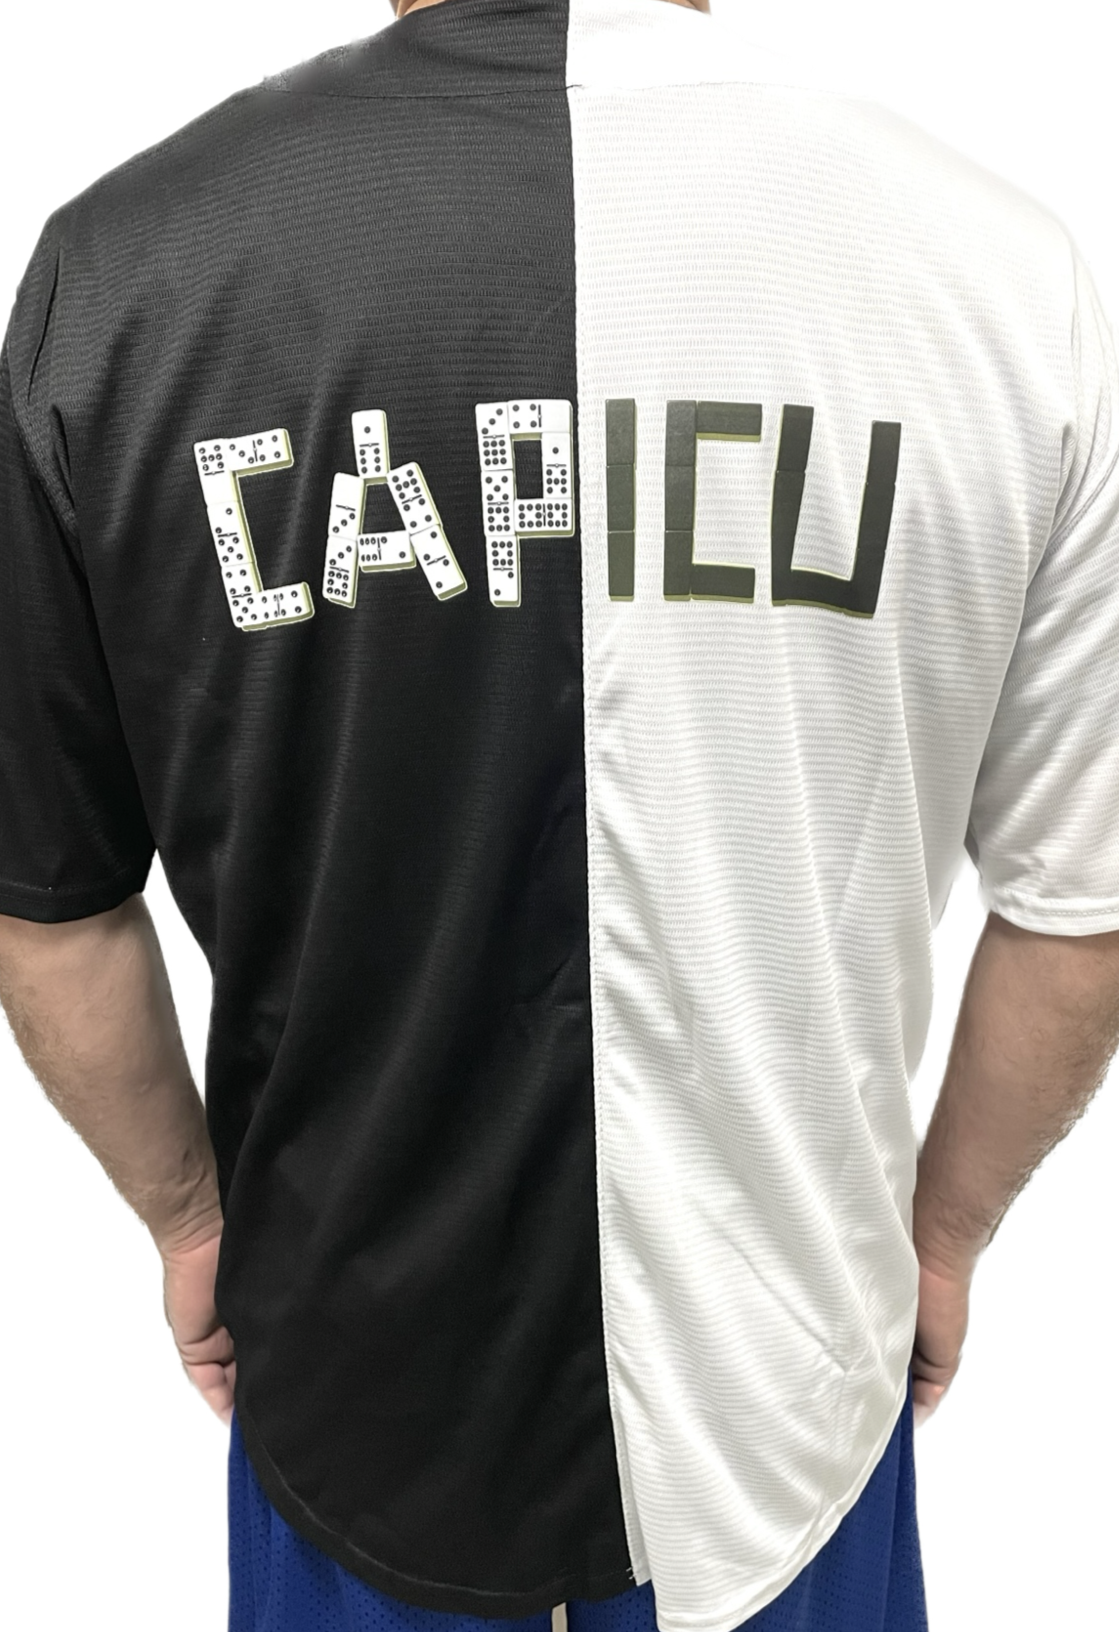 Baseball Jersey With Dominos Expression "Capicu" on Back
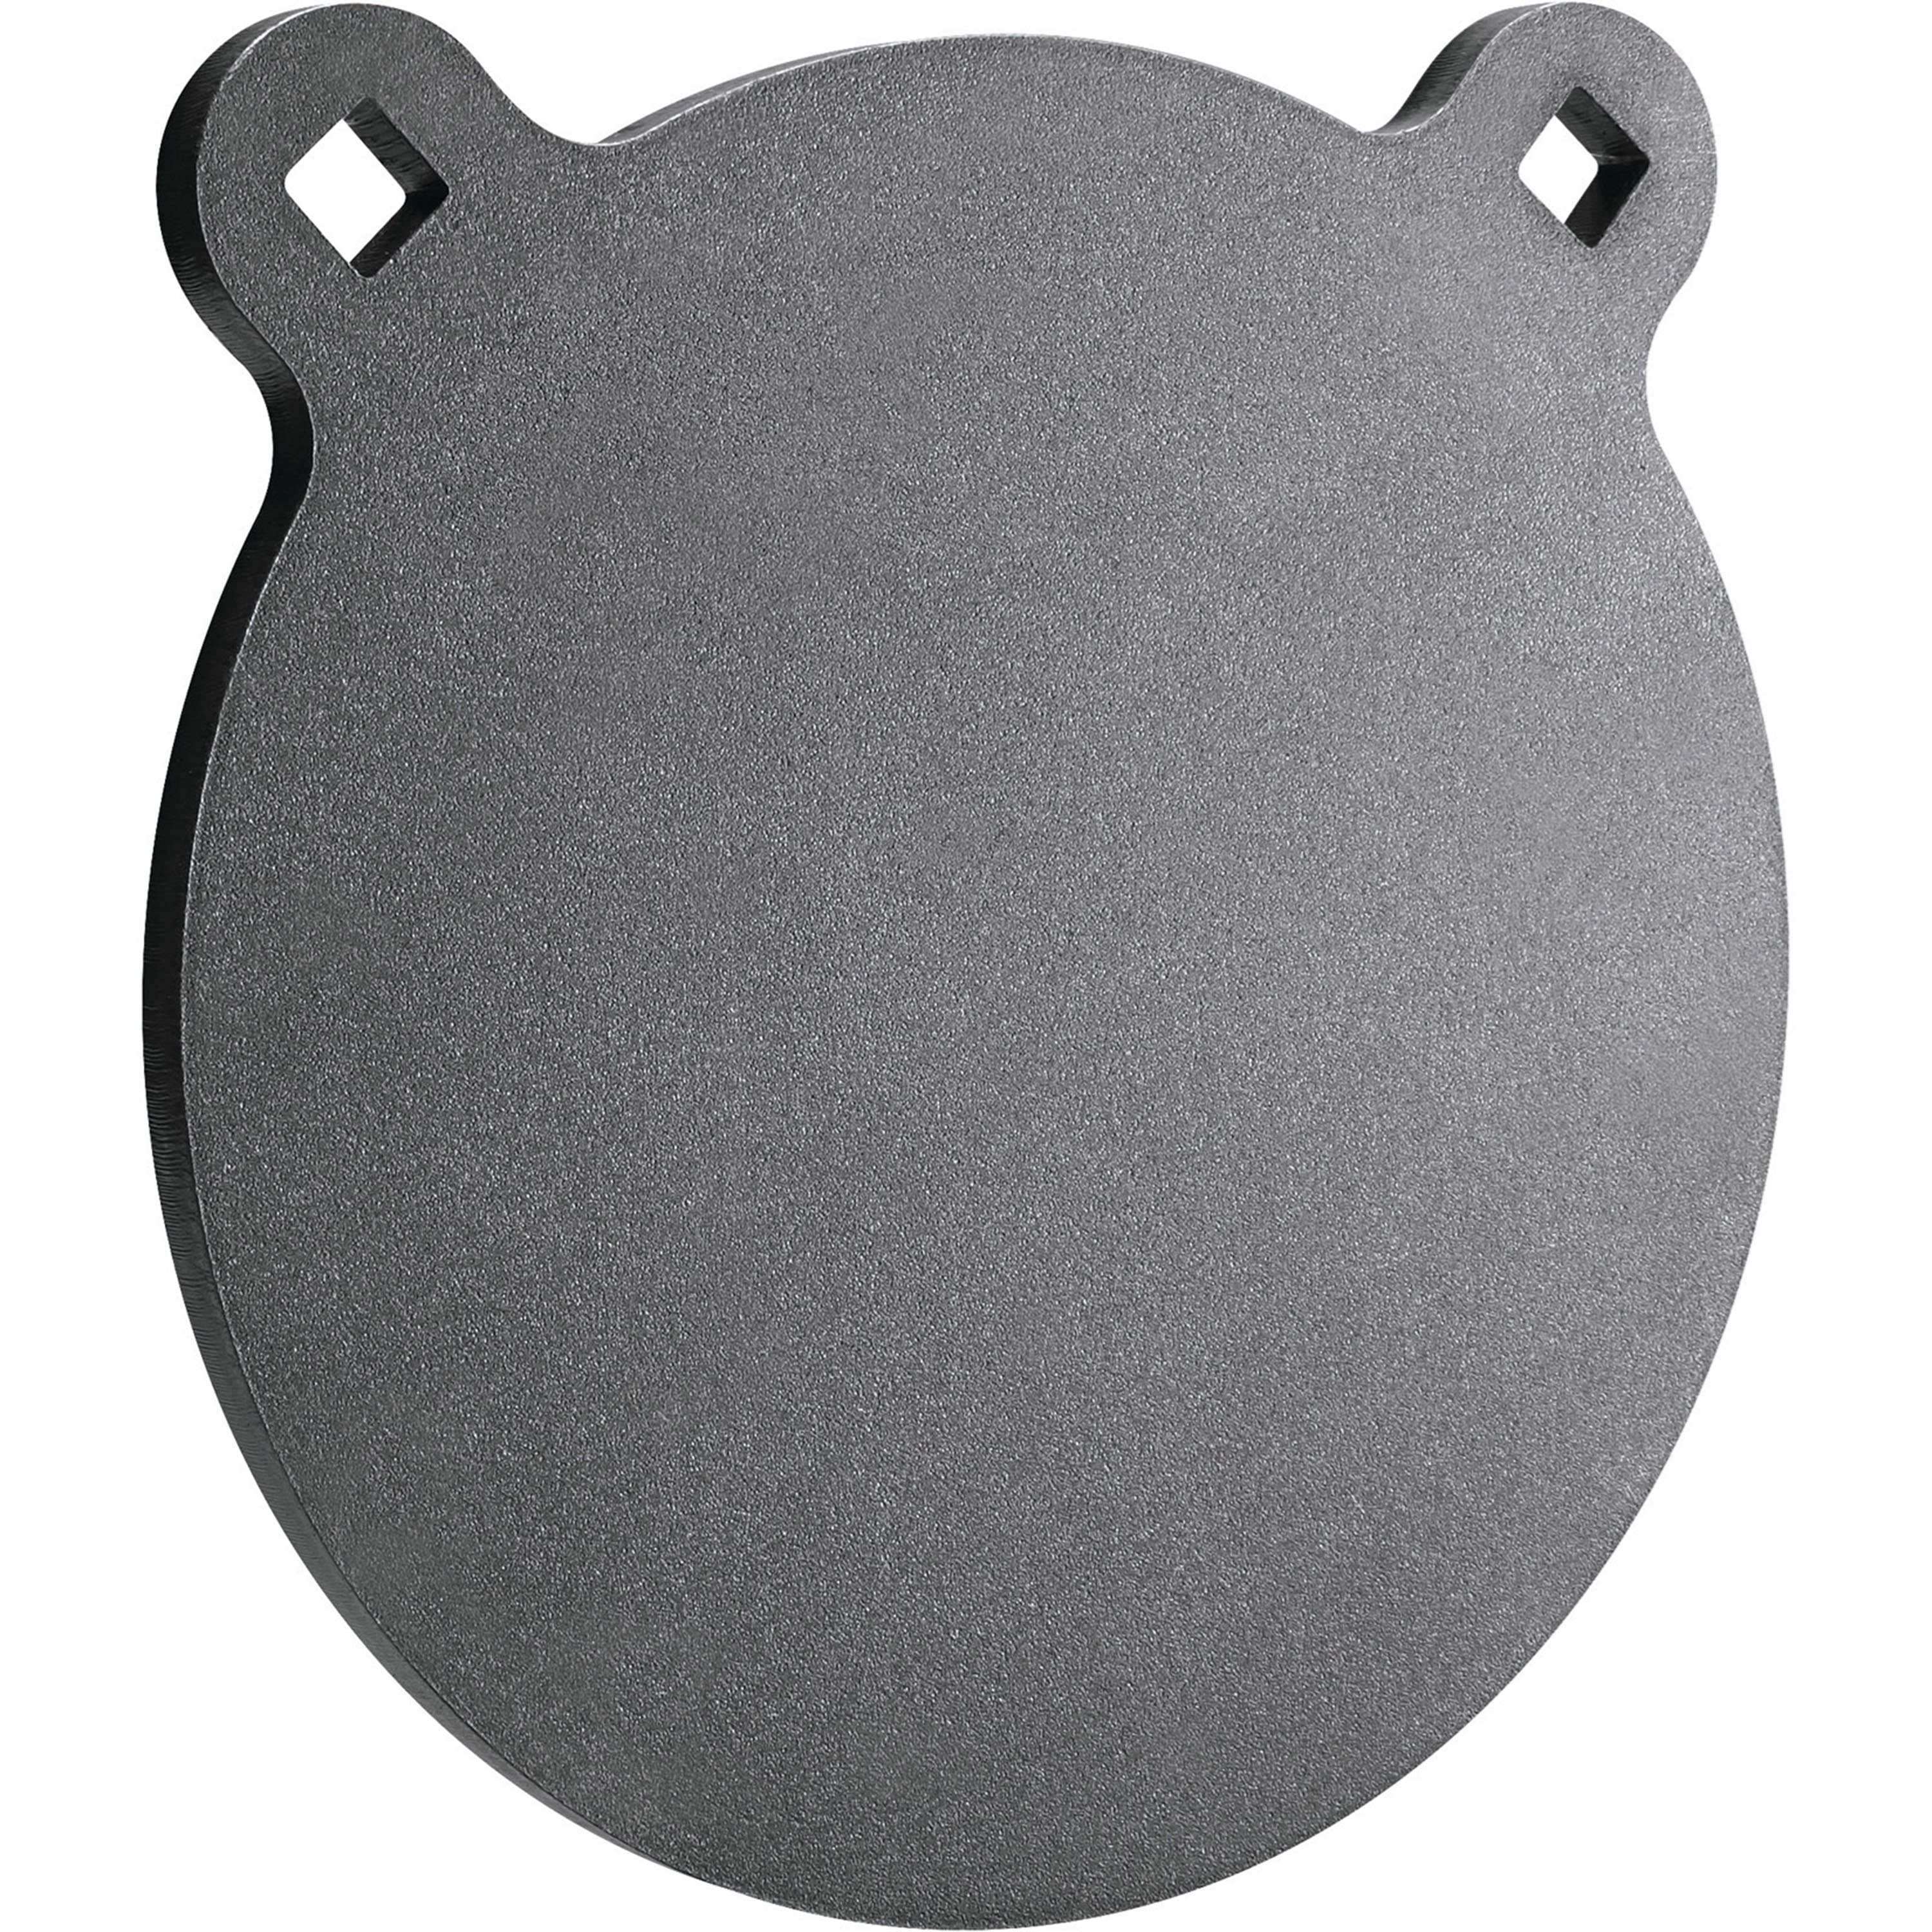 Steel Target Practice Plate 1ct 1/2" AR500 4" x 4" Gong High Caliber 
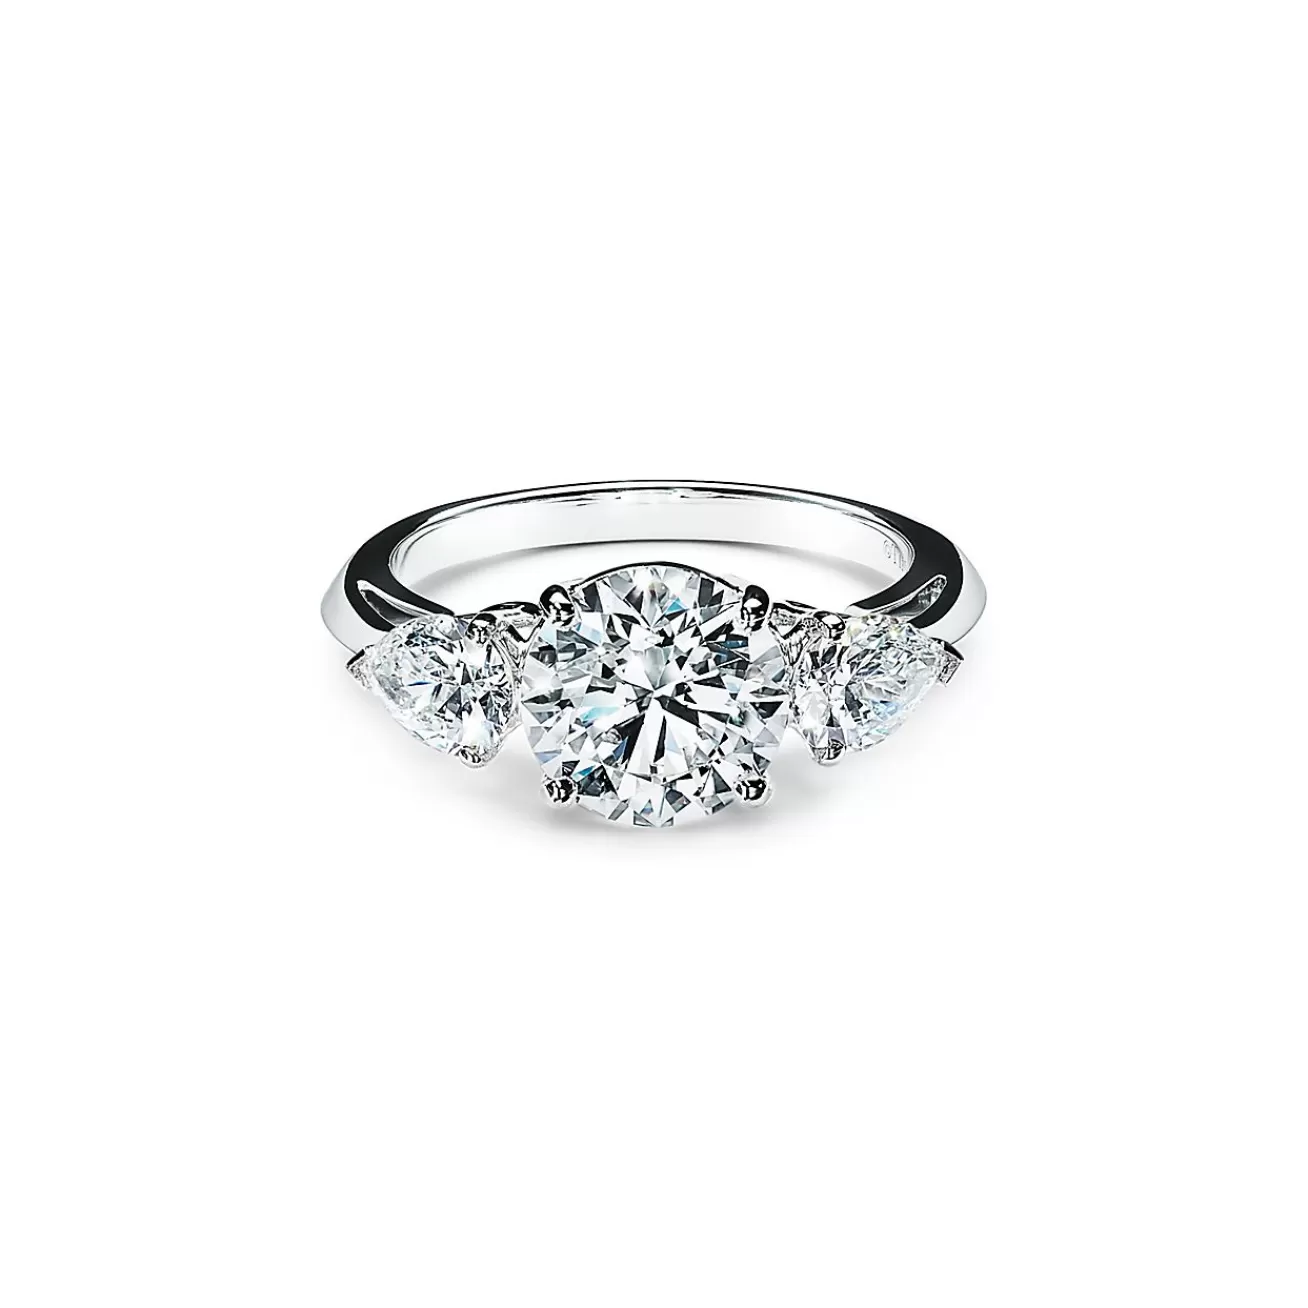 Tiffany & Co. Tiffany Three Stone engagement ring with pear-shaped side stones in platinum. | ^ Engagement Rings

○ ○ ○

▸ WHAT TO DO
Transcribe the full listing above exactly, with the images removed.

▸ WRITTEN REPLY
 Baseball Jersey With Dominos Expression "Capicu" on Back
 Steel Target Practice Plate 1ct 1/2" AR500 4" x 4" Gong High Caliber 
 Tiffany & Co. Tiffany Three Stone engagement ring with pear-shaped side stones in platinum. | ^ Engagement Rings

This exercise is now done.